To provide a scientific basis for the design and safety assessment of underground rock engineering, a combination of laboratory experiments and numerical simulations is employed, focusing on unanchored and anchored granite samples to capture their mechanical behavior during uniaxial compression tests. By comparing the macroscopic mechanical properties and the evolution of the force chain network, the research investigates the impact of fracture dip angles on the mechanical behavior of anchored granite samples from both macroscopic and microscopic viewpoints. It explores the evolution of the role of rock bolts in anchored granite samples containing fractures with varying dip angles, as well as the progression of the anchoring effect in granite with different fracture dips.

2. Research Methods

2.1. Uniaxial Compression Test

To ensure the tests closely reflect the actual project conditions, natural granite samples from Jining City, Shandong Province, are utilized. For the simulation of the anchor system, 8.8-grade low carbon alloy steel screws are selected, whose composition includes carbon (C), phosphorus (P), sulfur (S), and boron (B). The screws have an effective diameter of 3.88 mm, a length of 140 mm, and an elastic modulus of 121 GPa. The preparation of the granite-anchor composite samples involves several steps: initially, waterjet technology is employed to drill holes with a 6 mm diameter into the granite samples. The screws are then inserted into these holes, and a syringe is used to inject an anchoring filler. The filler is the anchoring agent, that fills the gap between the screw and the inner wall of the hole, ensuring the anchor adheres firmly to the hole. After allowing the anchors to cure for 1–2 days, shims, trays, and nuts are installed to complete the assembly. Figure 1 illustrates the schematic diagram of the final granite-anchor sample.
Considering the stress state of the granite samples and facilitating the recording of the deformation and rupture process of the samples, the MTS816 electro-hydraulic servo rock tester (MTS Systems Corporation, Eden Prairie, MN, USA) was used in this test. The maximum axial compression force of MTS816 is 1459 kN, which is used for uniaxial compression experiments on the granite samples, as shown in Figure 2. The test process was loaded by axial displacement control, with a displacement loading rate of 1.5 × 10−3 mm/s and a preset compression contact force of 1.0 kN.
The monitoring tools used in this study were digital image correlation (DIC), computerized tomography (CT), and polarized light microscopy.

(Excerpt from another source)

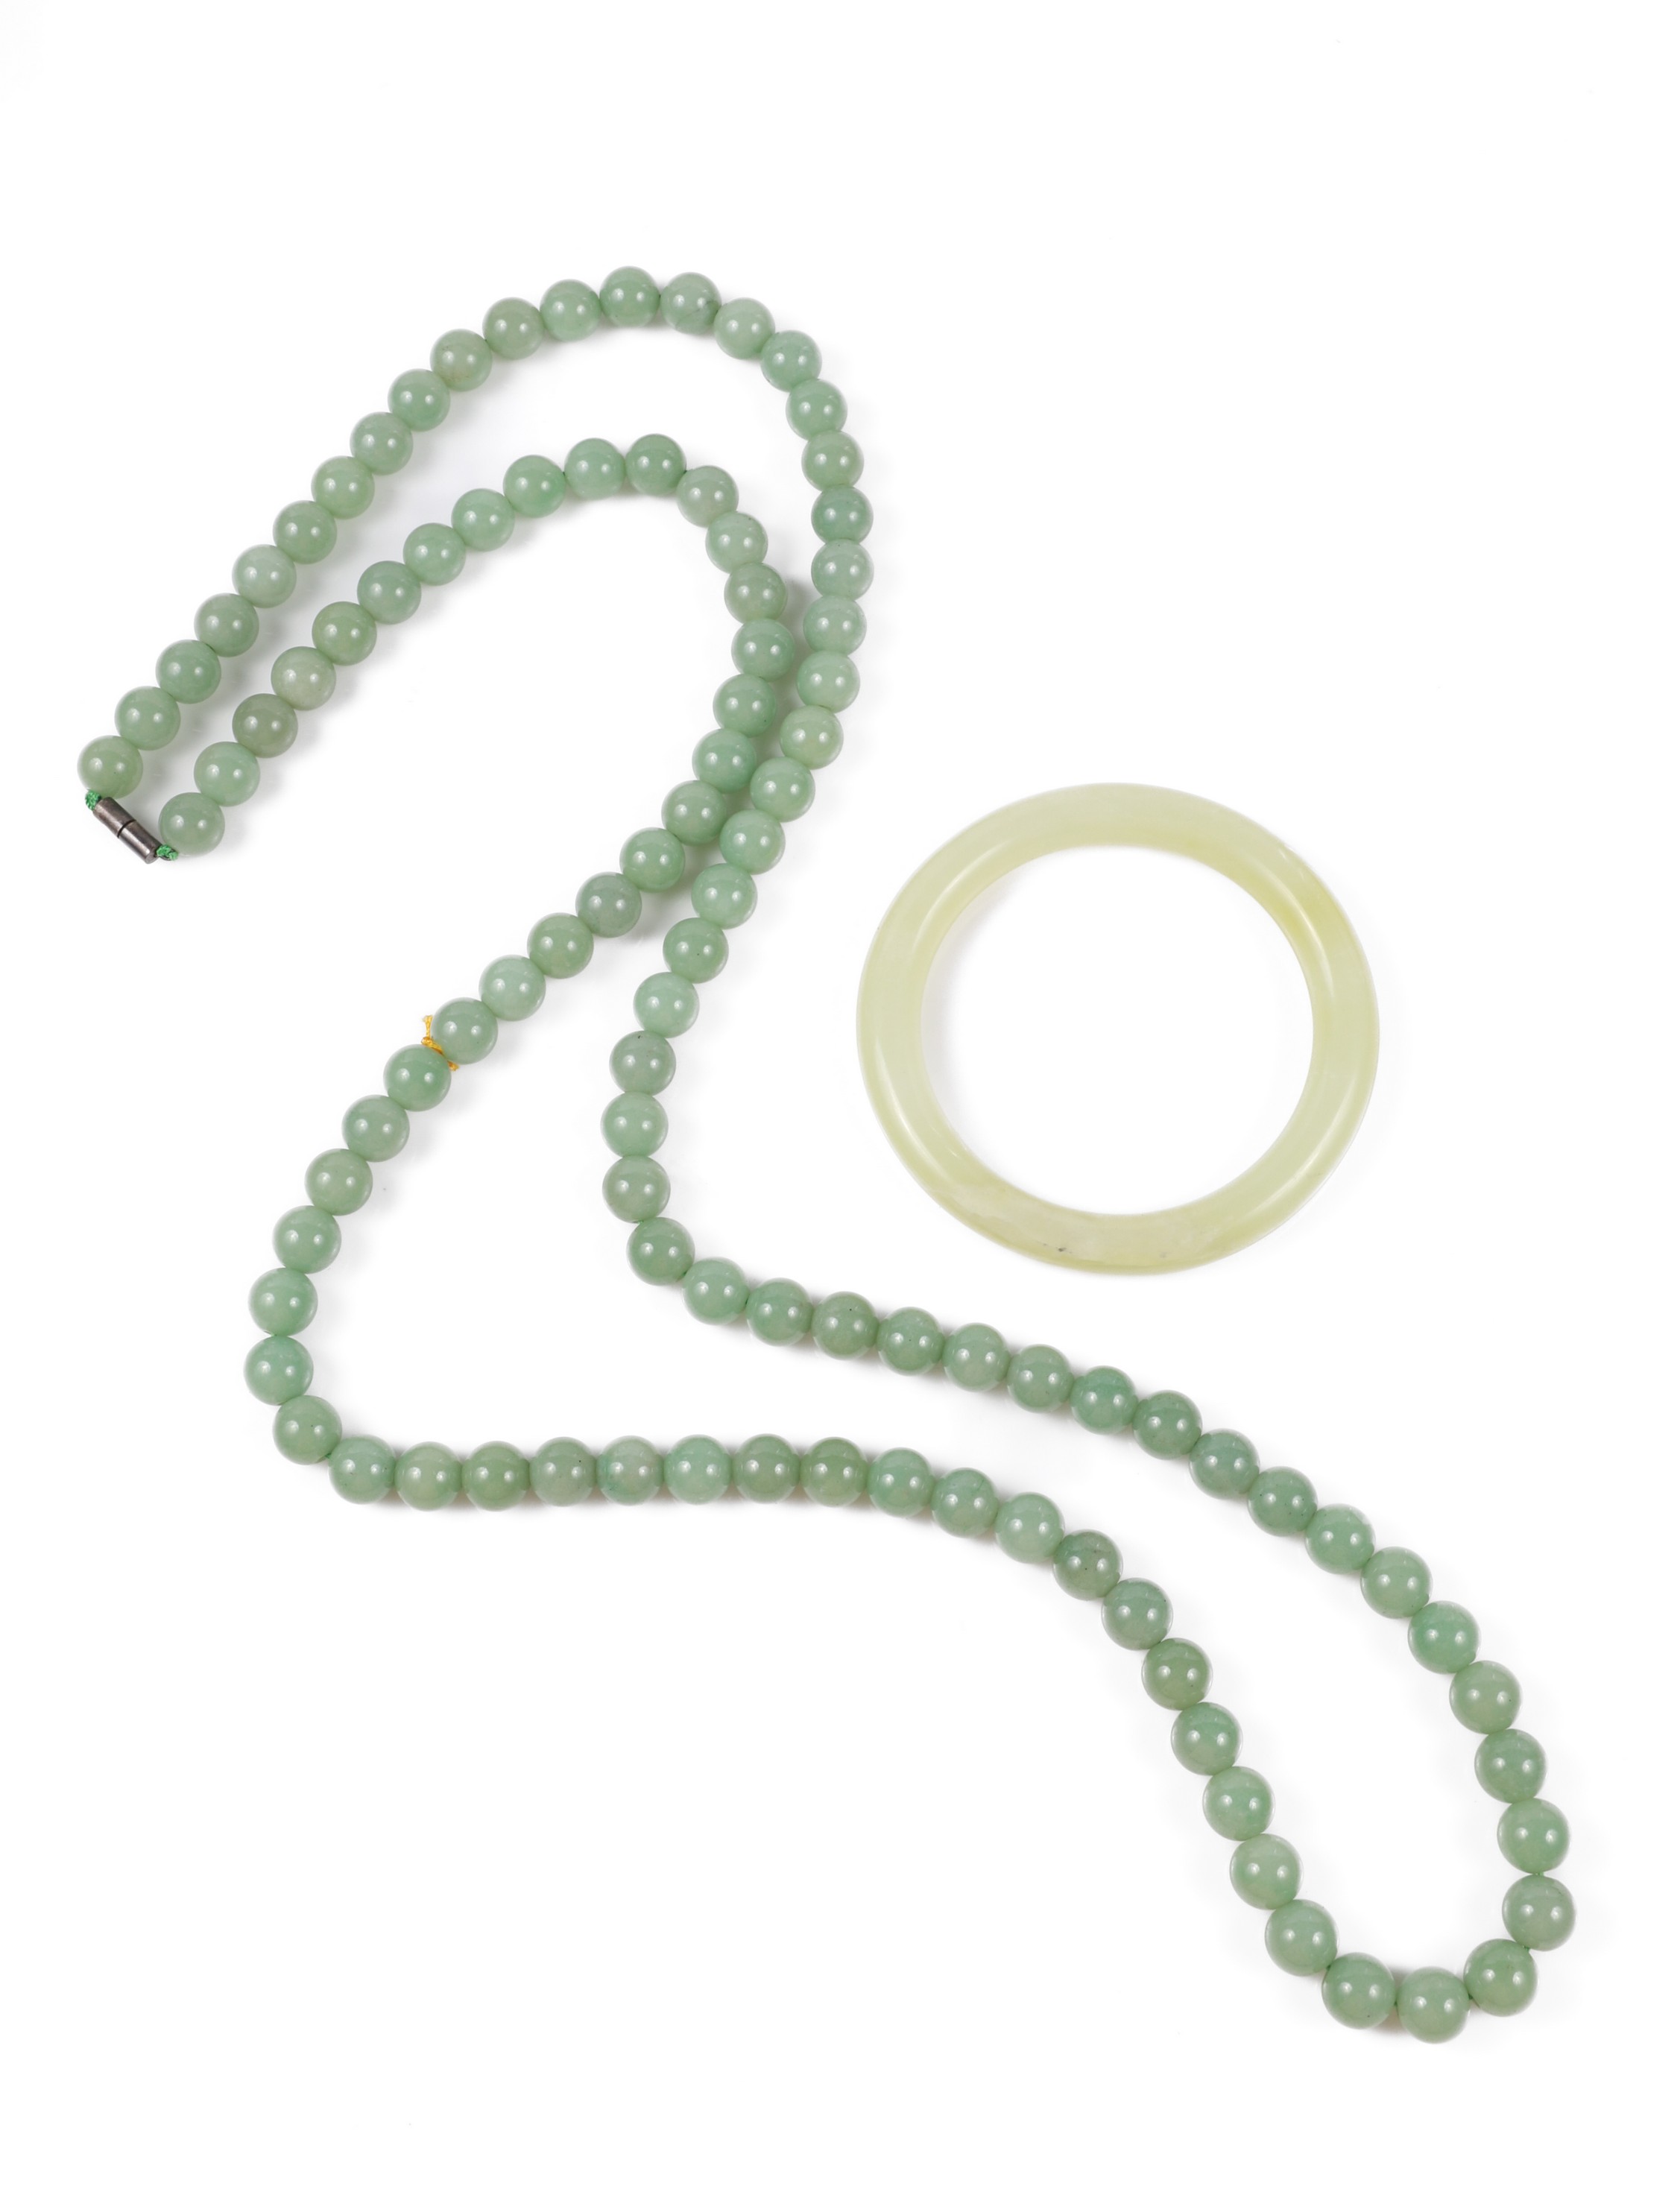 Jade style necklace and bangle,

2.2. Construction of Continuous-Discrete Coupled Numerical Models

To incorporate the effects of non-homogeneity, mineral composition, and microstructure on the fracture behavior of granite, in this section, the development of a 3D numerical model is presented. This model is constructed using the three-dimensional equivalent mineral crystal model (3D-GBM) in particle flow code 3D (PFC3D). PFC3D 6.0 software is a powerful particle analysis program that simulates the dynamic motion and interaction of aggregates composed of disks or spherical particles of any size. The detailed procedure is depicted in Figure 3.
To advance the construction of the numerical model incorporating granite and anchor samples, it is imperative to identify an appropriate method for simulating the anchor system. Utilizing the finite element method (FEM) for simulation can more accurately capture the elastic–plastic mechanical behavior of the anchor during the stress process while significantly reducing computational expenses. Consequently, in this study, a continuous-discrete coupling method was employed to develop the numerical model for the granite-anchor composite sample.

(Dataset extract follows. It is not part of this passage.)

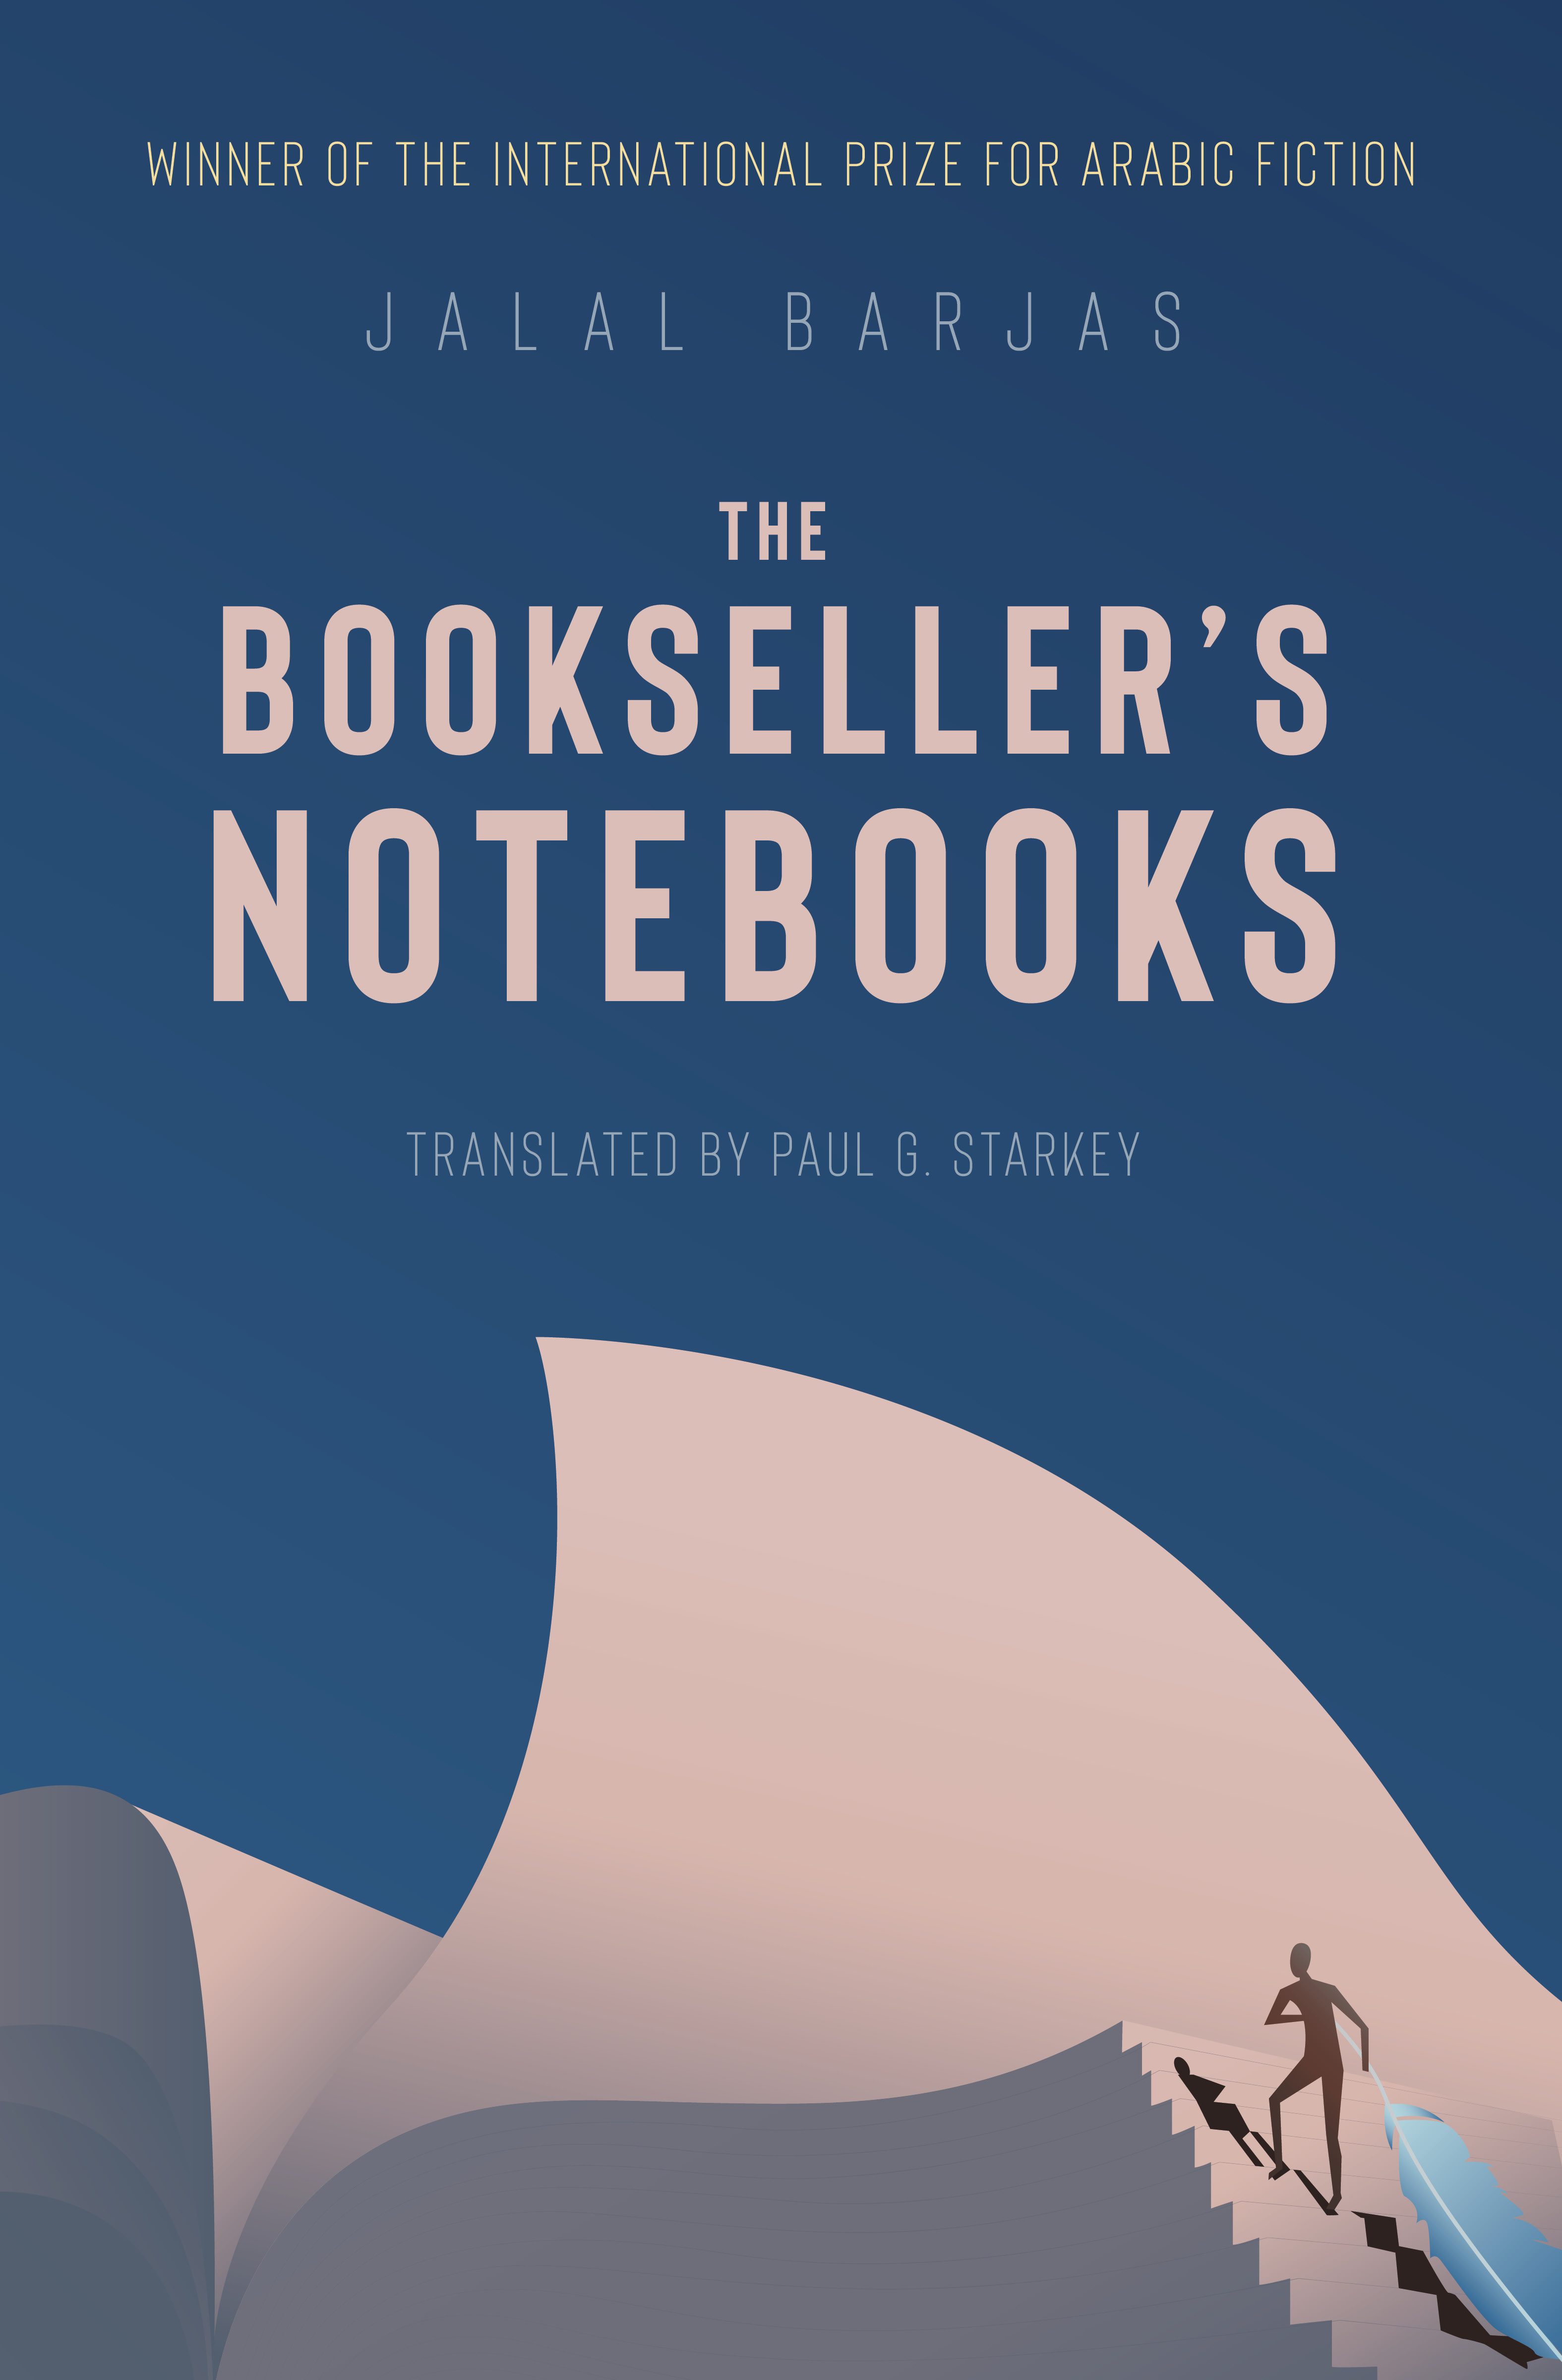 The Bookseller’s Notebooks

2.3. Quantitative Analysis and Representation of Force Chain Network

The force chain network is a model formed by the interweaving of force chain structures within granular materials. According to particle material mechanics, particles in a granular system are squeezed together under external loads to form a network. This network, known as the connection network between particle materials, consists of contact paths that form force chains and force chain networks. Consequently, the failure and fracture of particles and bonds within rock materials can be explored through the analysis of force chain networks.
The built-in program of the PFC3D software can extract the values of the unit vectors of the internal force chain of the specimen in the x, y, and z directions in 3D space during the loading process. The center of the rose diagram is the coordinate origin, and the direction of the coordinate axis is consistent with the direction of the specimen placement, as shown in Figure 4. The 3D rose diagrams, also known as 3D group configuration diagrams, are widely used to show the distribution of force chains in 3D space [43,44]. The tendency in the rose diagram is the tendency of the force chain, and the height and color of individual columns can illustrate the number of force chains distributed on this tendency.

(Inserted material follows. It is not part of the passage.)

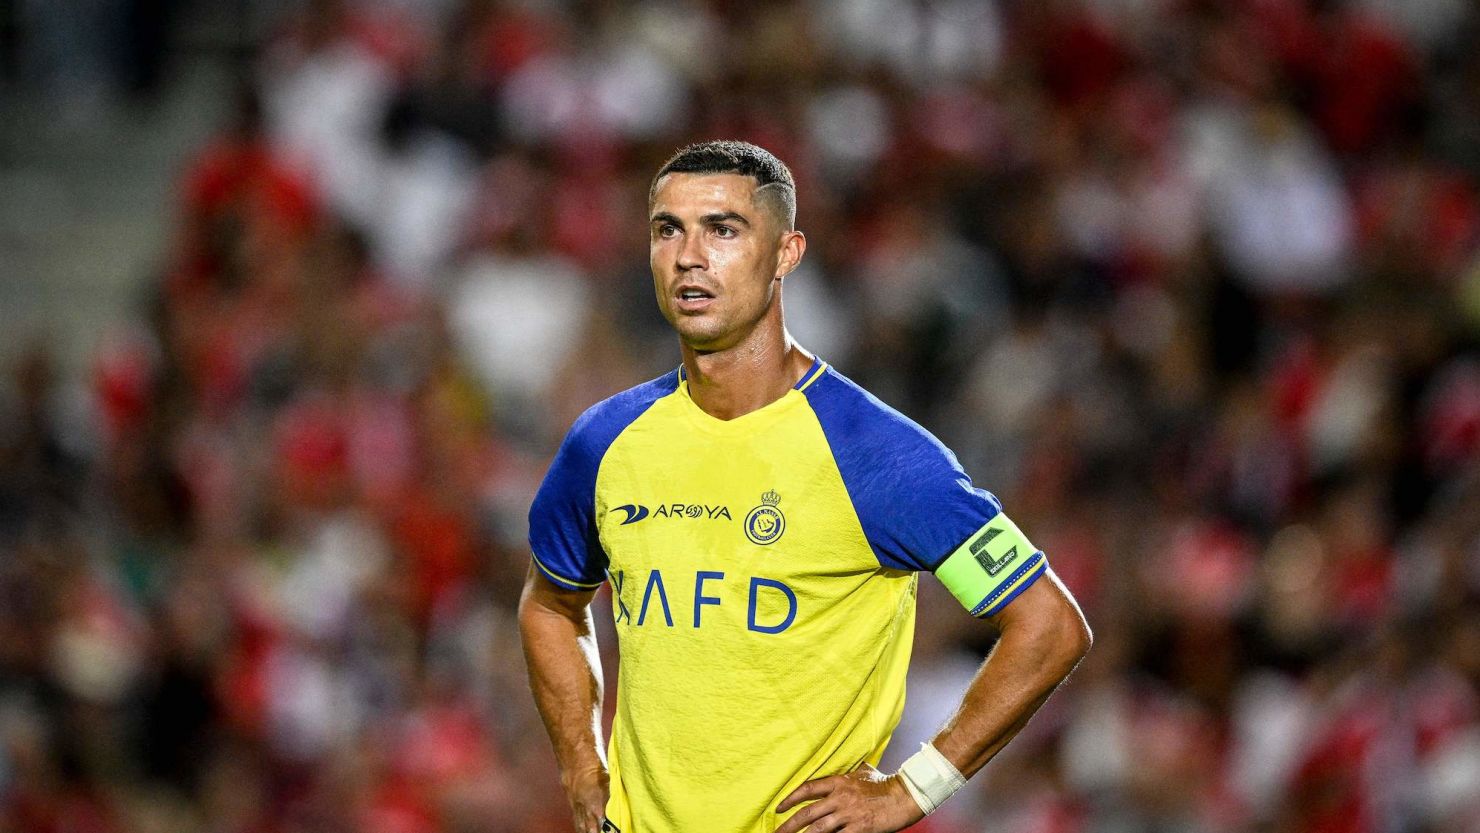 Al Nassr's Portuguese forward Cristiano Ronaldo looks on during the Algarve Cup football match between Al Nassr and SL Benfica at Algarve stadium in Loule on July 20, 2023. (Photo by Patricia DE MELO MOREIRA / AFP) (Photo by PATRICIA DE MELO MOREIRA/AFP via Getty Images)

2.4. Effectiveness Verification of Numerical Model

From a microscopic perspective, the mechanical properties of the rock are primarily determined by the mineral grains themselves and the extent of their cementation. The extensive research by predecessors has demonstrated that the parallel bond model (PBM) within PFC3D is the most appropriate simulation method for capturing the mechanical behavior of rocks, offering superior simulation capabilities compared to other methods. Consequently, the numerical simulation of natural granite rock materials presented in this paper will be grounded in the PBM framework. Furthermore, in this paper, the trial-and-error method is employed for calibrating the microscopic parameters of the numerical model. This approach has garnered widespread acceptance and recognition among scholars due to its proven effectiveness and reliability in various applications [44,45,46].
Through an iterative process of refining the micro-parameters and meticulously comparing the outcomes of the calibrated numerical simulations with those of the indoor tests, the set of micro-parameters that align closely with the experimental data is identified as the definitive configuration. The specific micro-parameters of the finalized numerical simulation samples, which correspond to the indoor test results, are presented in Table 1.
Subsequently, aligning with the dimensions and positions of the anchor holes in the indoor tests, the particles at corresponding locations within the 3D GBM model were selectively removed. The anchor system was then integrated into the model at the post-removal locations. The numerical simulation introduces a finite element-based anchor with isotropic elastic properties, mirroring the characteristics of actual anchors. The model anchor is defined with a density of 7850 kg/m3, a Young’s modulus of 9.7 GPa, and a Poisson’s ratio of 0.3. The interaction between the anchors and the granite rock mass is governed by a parallel bond contact model, with detailed fine-grained parameters provided in Table 2.
By comparing and analyzing the uniaxial compression test results of the sample under laboratory testing and numerical simulation, the effectiveness of the micro-parameter calibration of the numerical model is verified. Figure 5a shows a comparison of the load–displacement curves from the uniaxial compression tests. The comparison indicates a strong consistency between the load–displacement results of the laboratory tests and the numerical simulations, demonstrating the reliability of the numerical model’s micro-parameter calibration.
In order to investigate the fracture process of the specimen in depth, in this study, the following six characteristic moments were selected during the loading process: the peak load moments of 20%, 40%, 60%, 80%, and 100% before the peak, and the peak load moments of 40% after the peak. These moments are denoted as t20, t40, t60, t80, t100, and t140, respectively. The load values at these six characteristic moments are extracted for comparison, as shown in Figure 5b. The figure demonstrates that the load levels of the experimental and simulation results are almost identical at the same characteristic time. Specifically, at peak load time t100, the load values for the experimental and simulation results are 320.55 kN and 315.12 kN, respectively, with an error of only 3.00%.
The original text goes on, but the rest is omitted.